__TASK OBJECTIVE__: Without any pictures, restate the full set of records below exactly.

__DATA TO EXAMINE__:
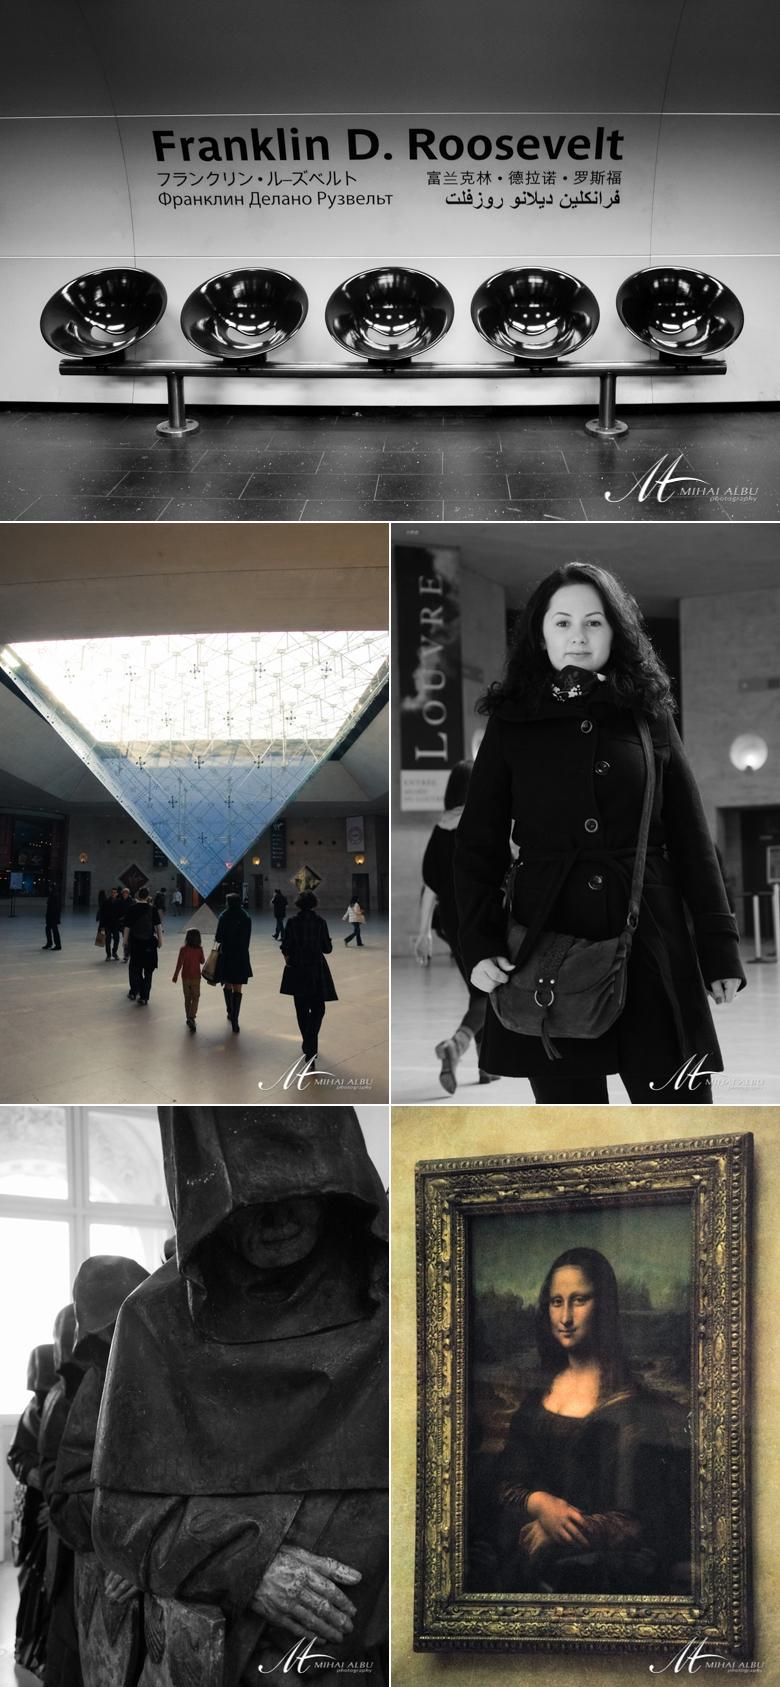 paris-poze-excursie-concediu-in-orasul-iubirii-turnul eiffel-muzeul-luvru 5
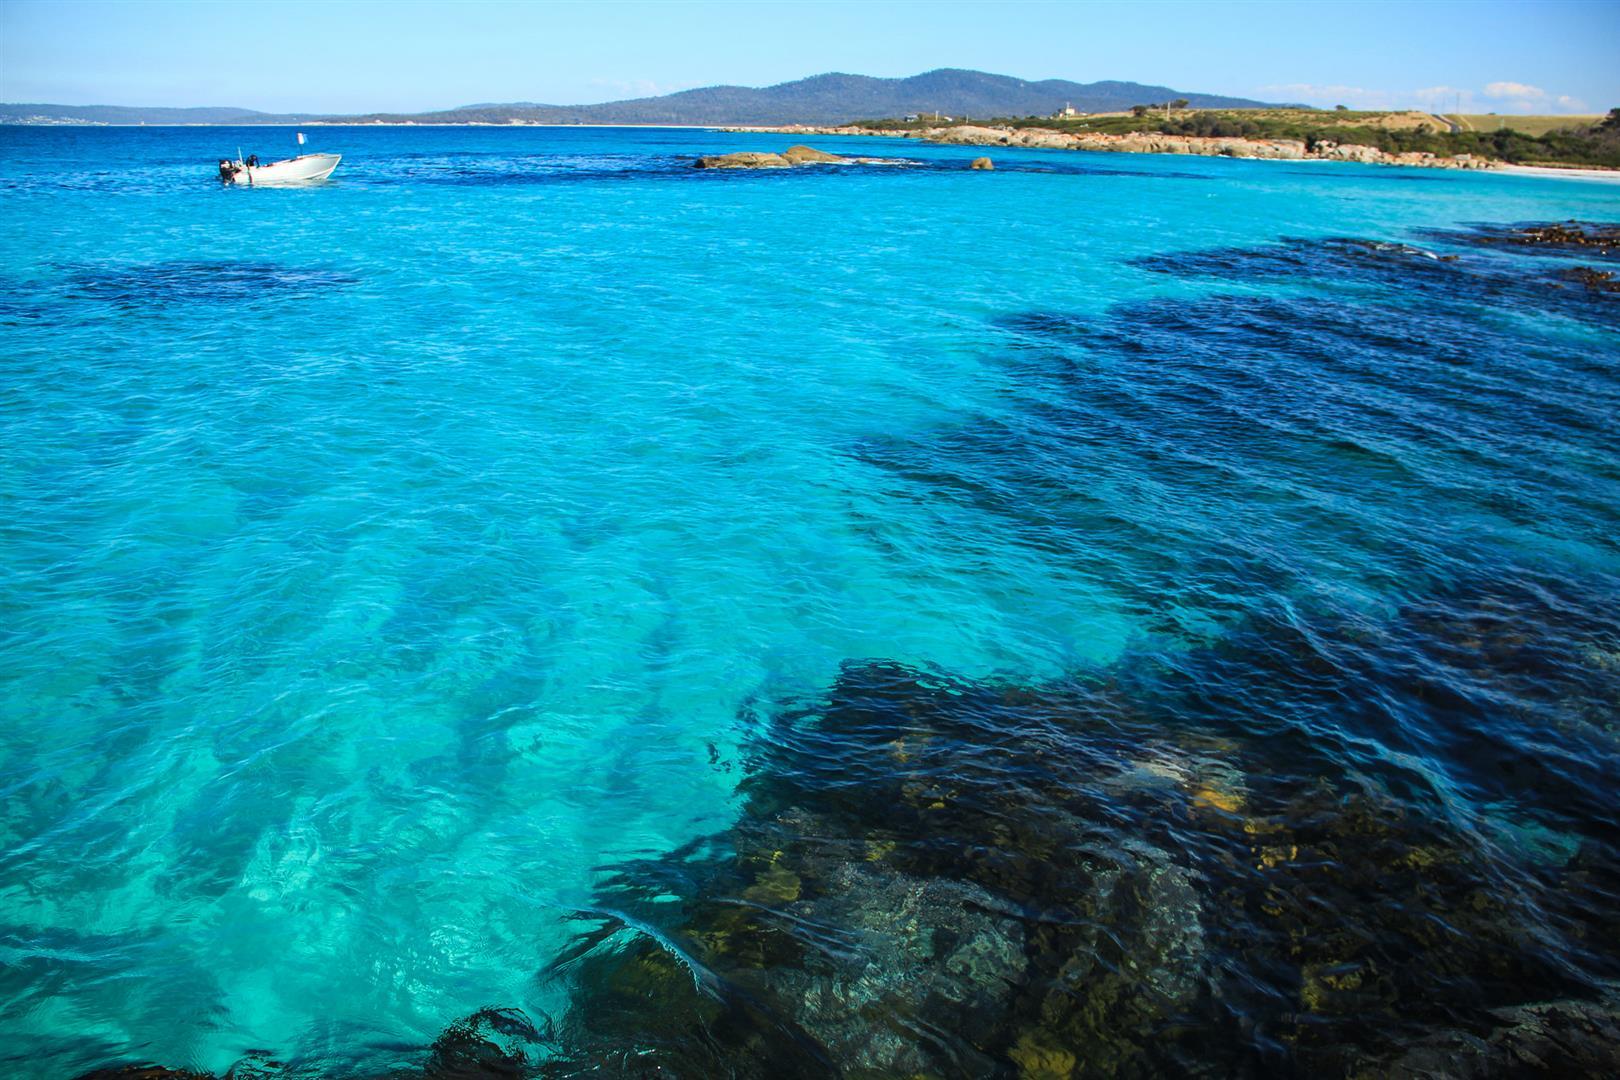 oceano azul turquesa na tasmania austrália
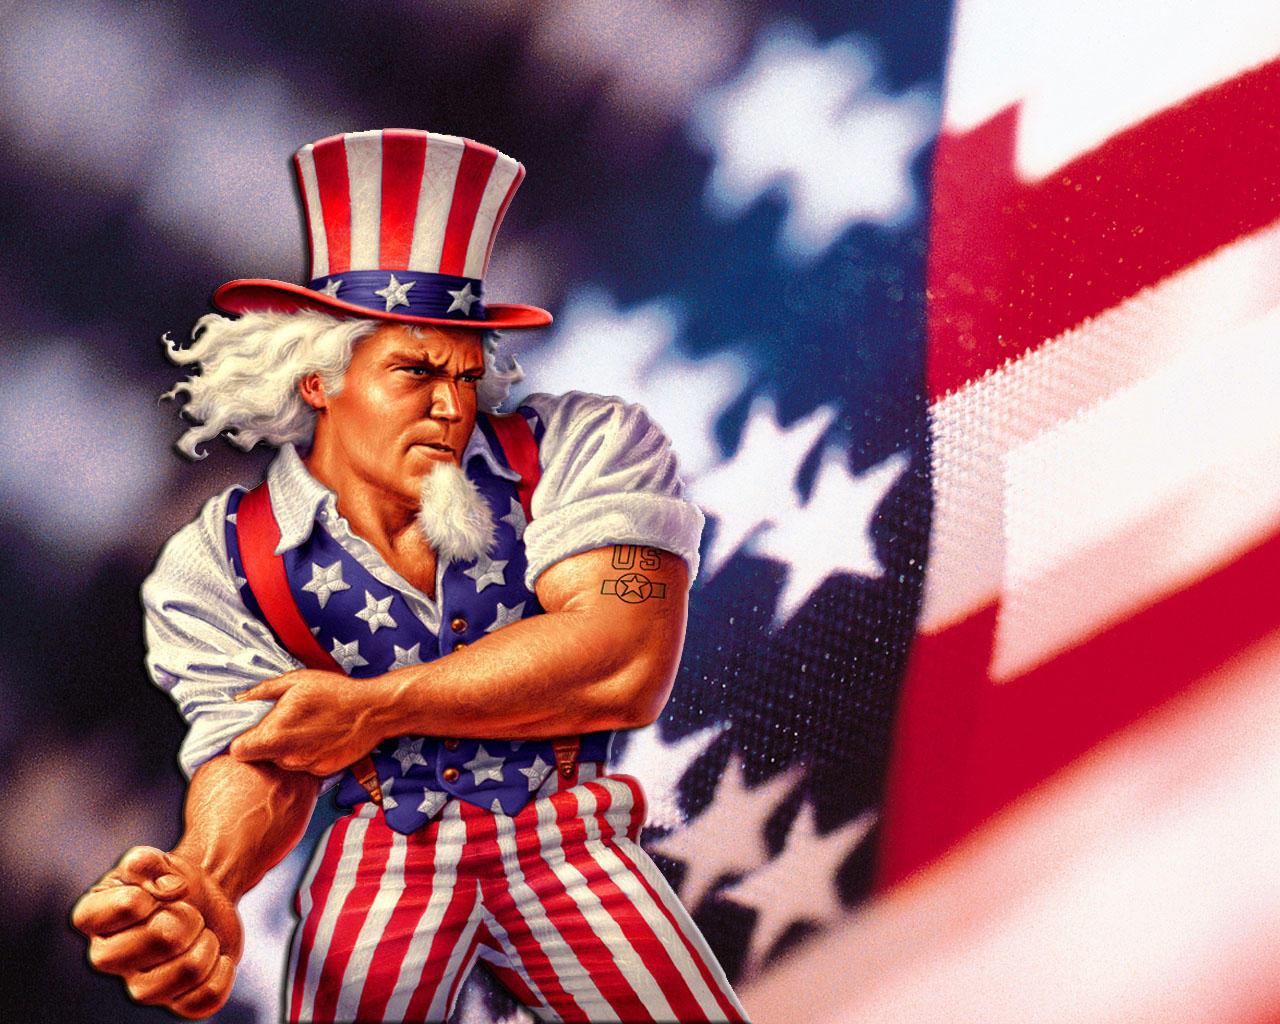 Uncle Sam Wallpaper | Best Wallpaper HD
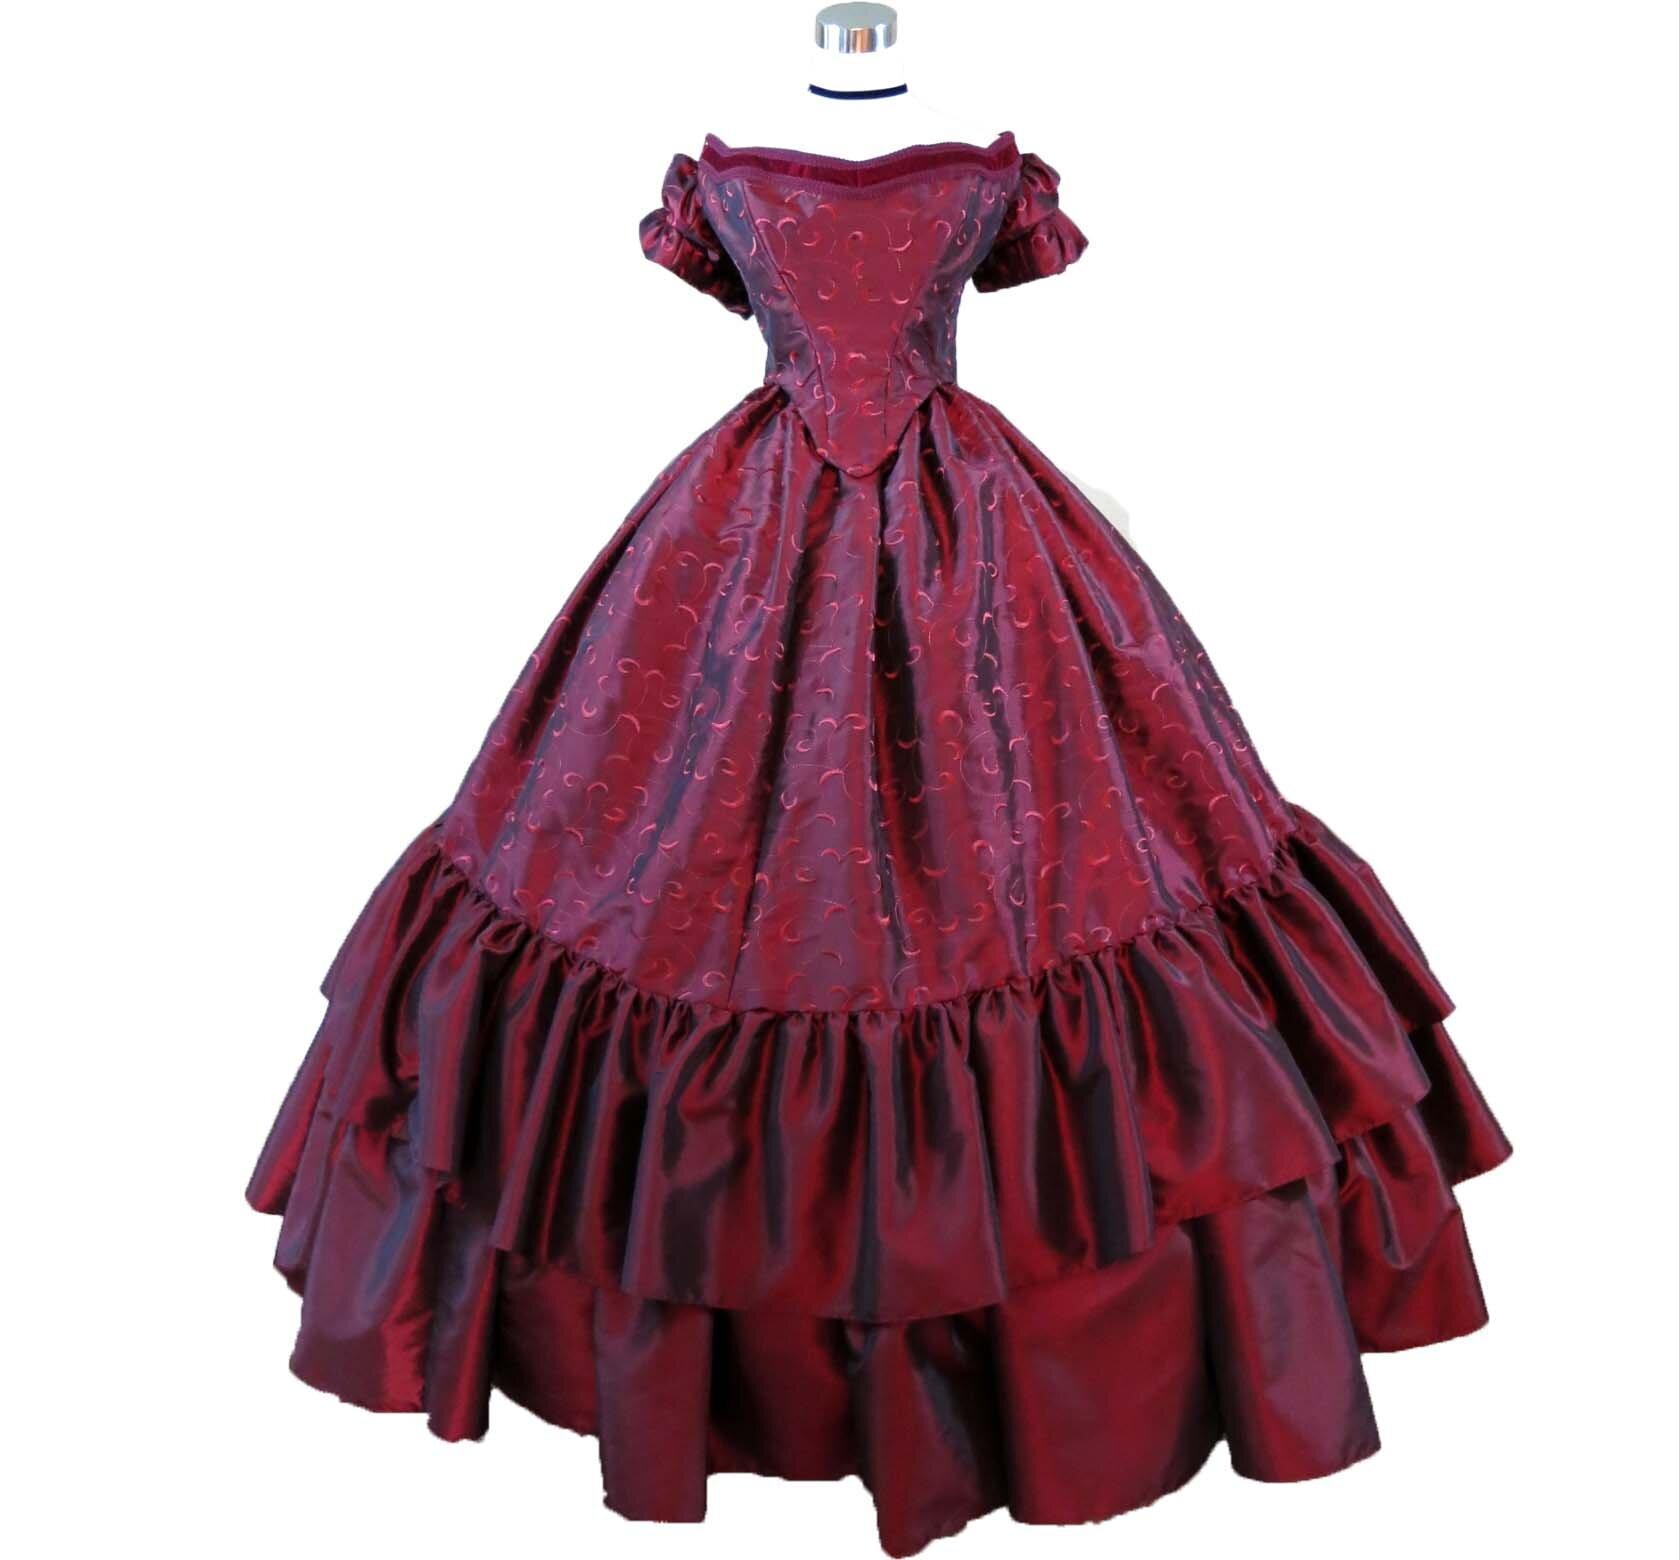 Red Taffeta Ensemble Waist 32 34 Civil War Ball Gowns Costume
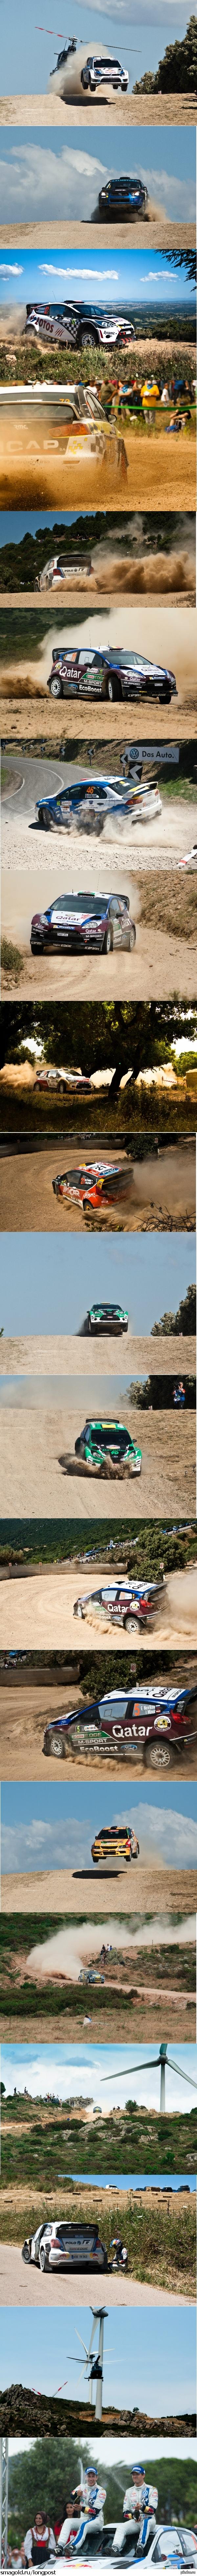 WRC Rally Сардиния 2013 Фотографировала сама.
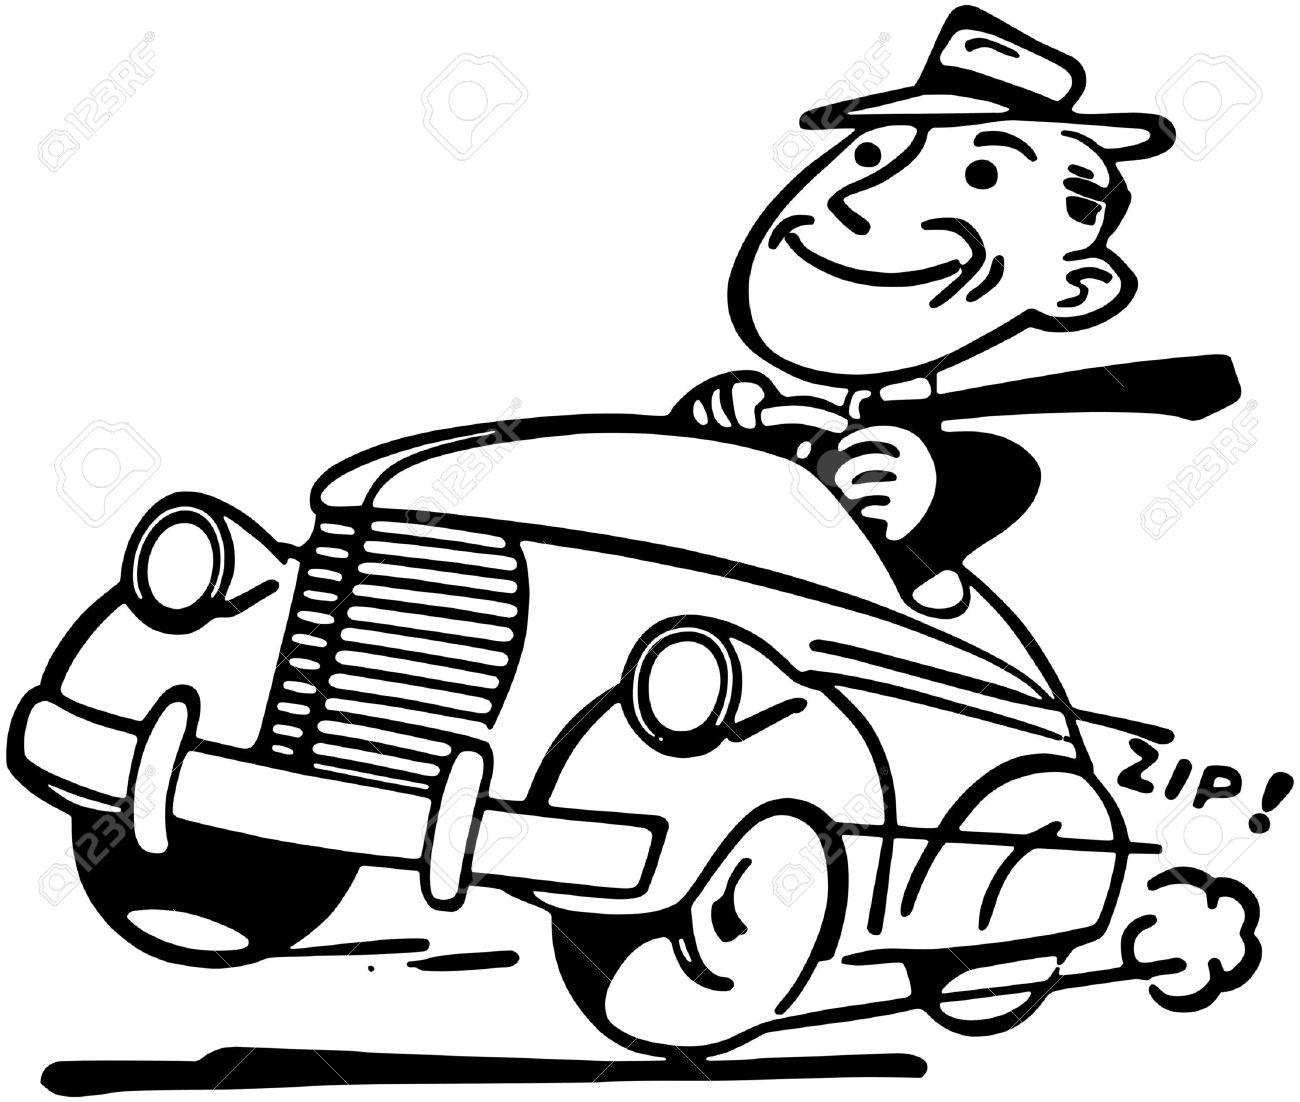 Happy Motorist Royalty Free Cliparts, Vectors, And Stock.

__RESULT OF THE EXERCISE__:
 paris-poze-excursie-concediu-in-orasul-iubirii-turnul eiffel-muzeul-luvru 5
 oceano azul turquesa na tasmania austrália
 Uncle Sam Wallpaper | Best Wallpaper HD
 Red Taffeta Ensemble Waist 32 34 Civil War Ball Gowns Costume
 WRC Rally Сардиния 2013 Фотографировала сама.
 Happy Motorist Royalty Free Cliparts, Vectors, And Stock.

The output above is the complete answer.